Camille Turner - First Provost’s Postdoctoral Fellow at the Daniels Faculty
Camille Turner, a celebrated Toronto-based artist and academic, has recently been announced as the first Provost’s Postdoctoral Fellow from the Daniels Faculty at the University of Toronto.
Turner’s transdisciplinary artworks, exhibitions, performances, and projects have incorporated extensive research on the hidden history of slavery in Canada, as well as its omission from popular conceptions of national identity.
The Provost’s Postdoctoral Fellowship program is run by the University, with the intent of increasing opportunities to hire postdoctoral fellows from underrepresented groups, specifically Indigenous and Black researchers. The two-year fellowship is tied to a $70,000 per-year salary, as well as a “start-up” fund of $5,000 per-year for research. As part of the Fellowship, Turner will utilize her Afronautic methodology to investigate slave ships built in Newfoundland, research that exists where history meets the intimately personal. Turner is a descendant of people abducted from Africa, forced into slavery, and carried as cargo on the infamous Middle Passage.
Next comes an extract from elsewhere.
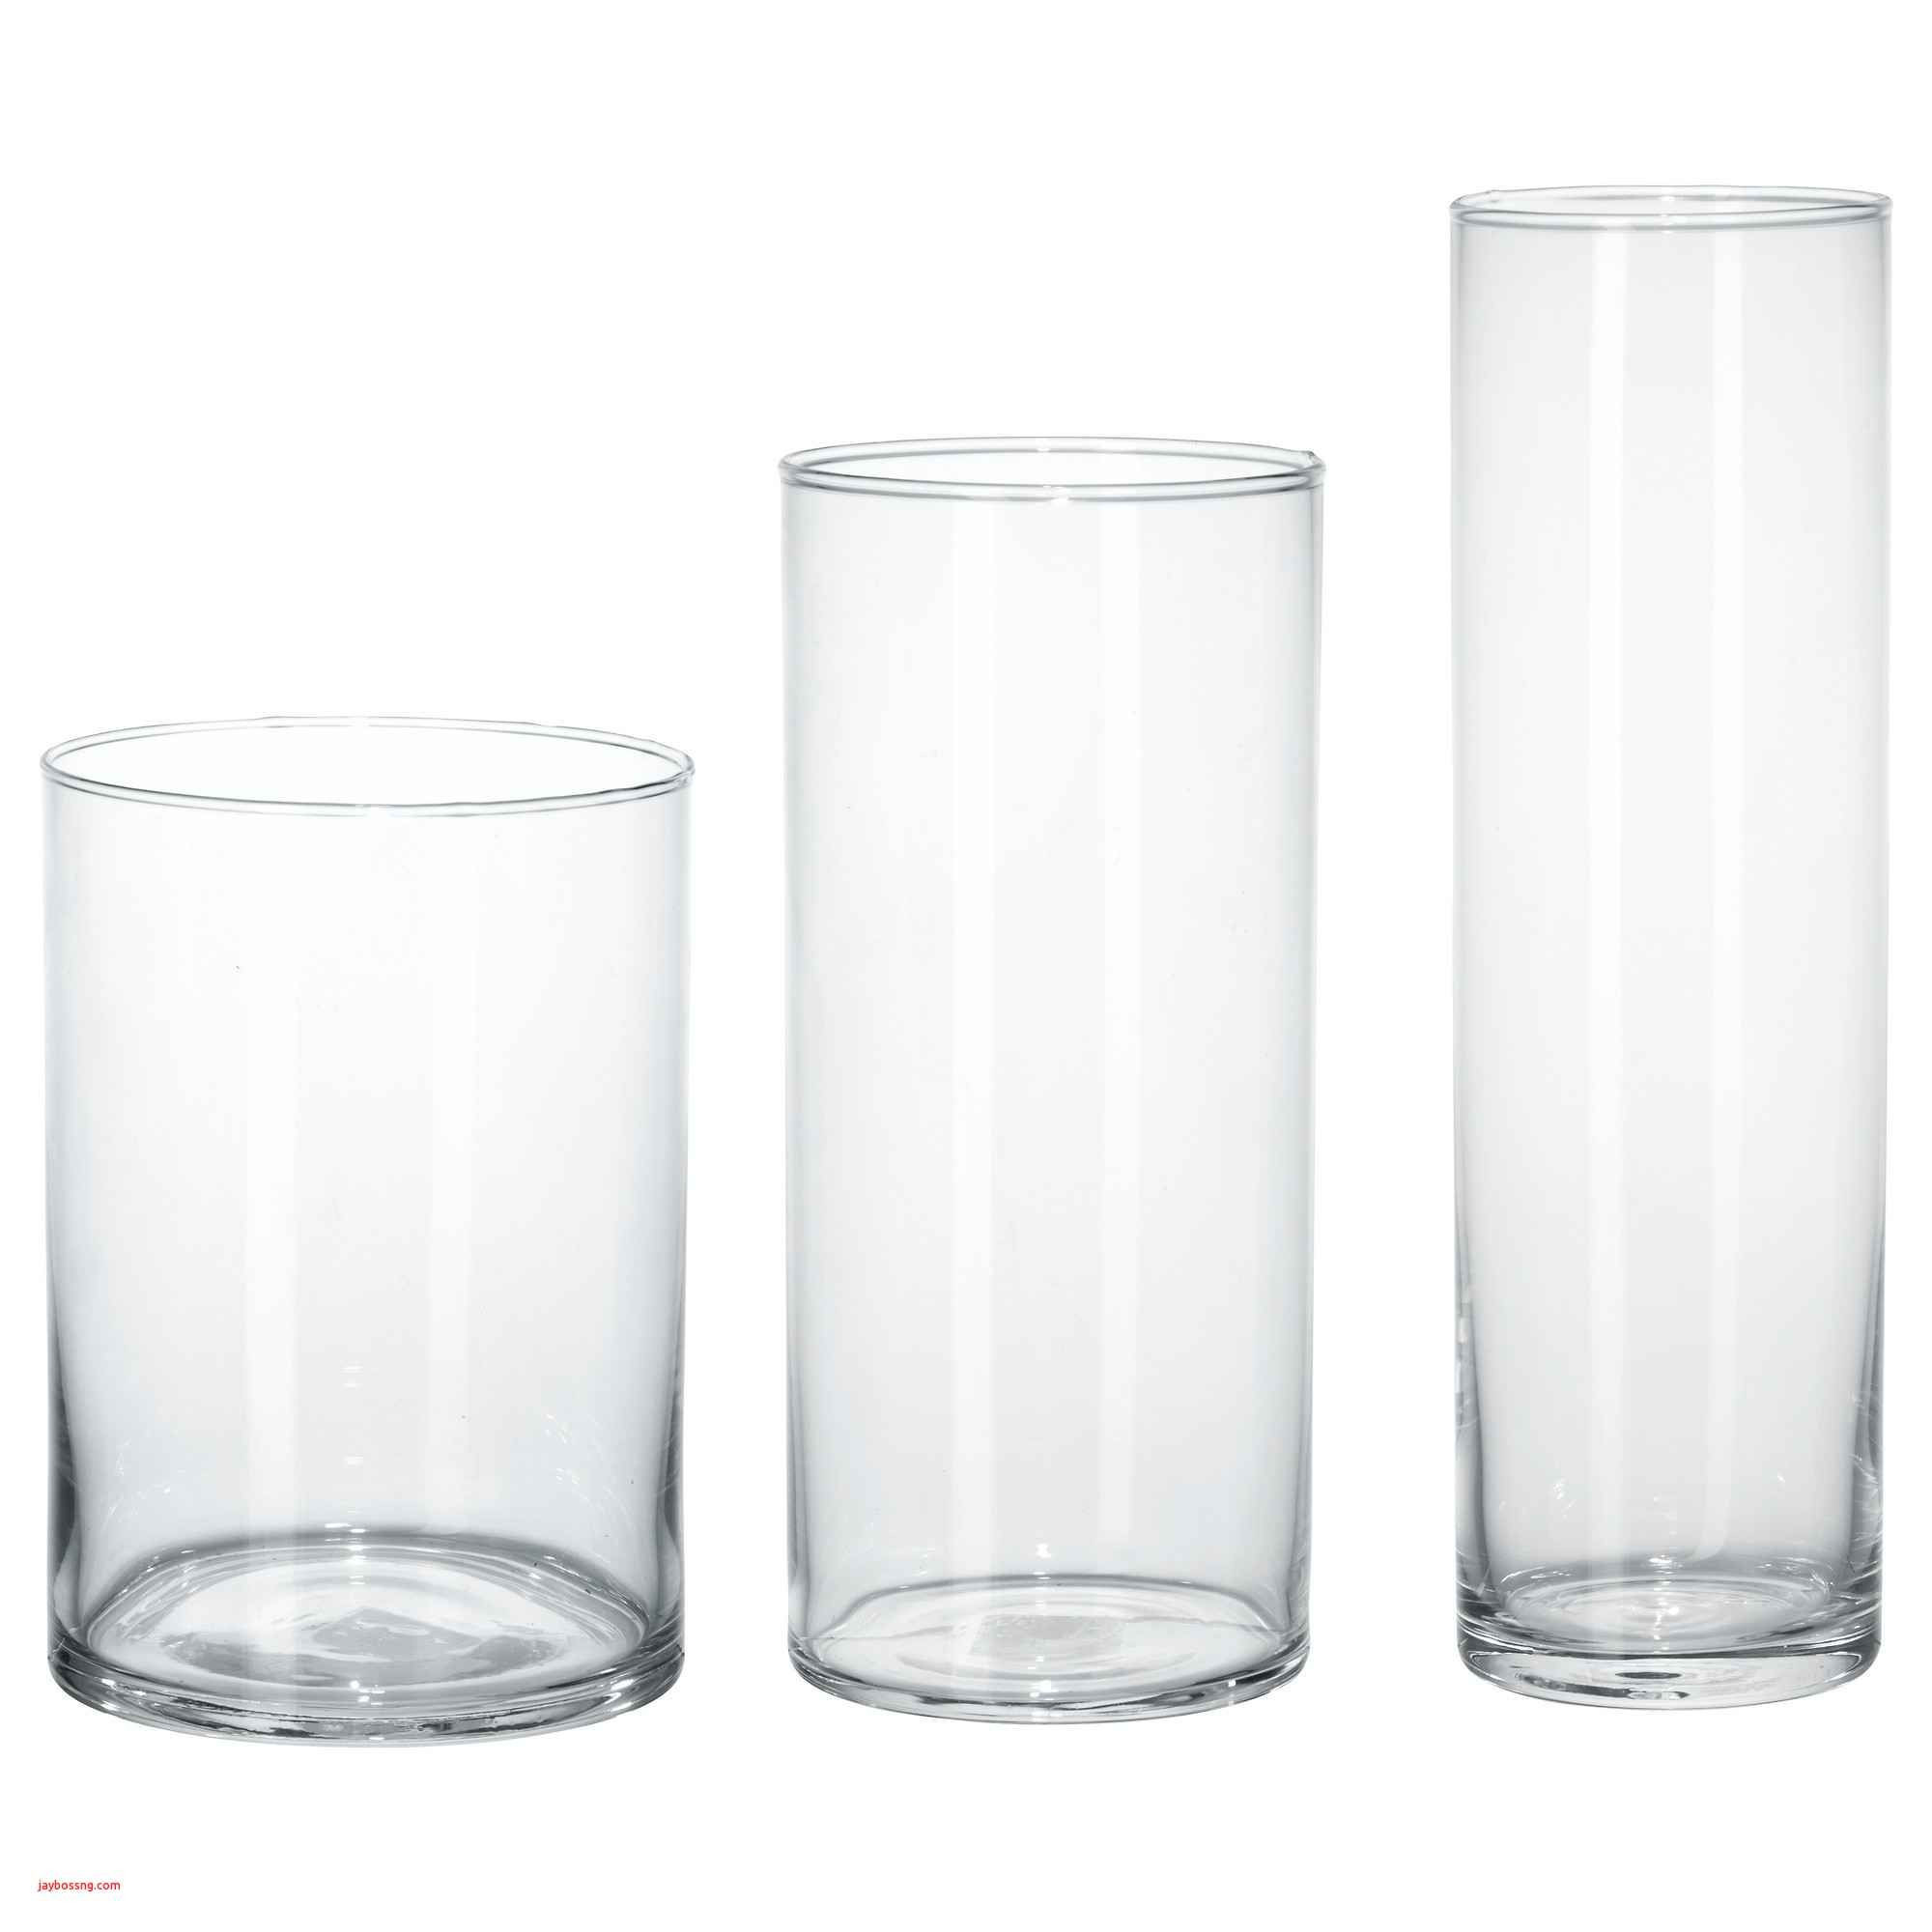 12 Fashionable Amber Glass Vase 2024 free download amber glass vase of brown glass vase fresh ikea white table created pe s5h vases ikea with brown glass vase fresh ikea white table created pe s5h vases ikea vase i 0d bladet

“Turner’s acute, critical research of the urban environment, and her innovative methodologies of provoking Black history into visual and sonic presence, will create a new discursive space within the Master of Visual Studies Studio and Curatorial Studies program, directly benefiting our faculty and students’ aspirations toward anti-racist equity in shaping the shared, living environment,” said Jean-Paul Kelly, director of the Daniels Faculty’s visual studies programs, in his letter of support for the Fellowship. Turner’s research will critically contribute to the Daniels Faculty’s emphasis on socially and environmentally responsible urban planning, community building, and social equity efforts.
Beyond the Afronautic Research Lab, Turner is well known for: Miss Canadiana’s Heritage and Cultural Walking Tours and Hometown Queen. She has lectured at the University of Toronto, the Toronto School of Art, and Algoma University. She graduated from the Ontario College of Art and Design and is completing her PhD at York University, where she also completed her Masters of Environmental Studies.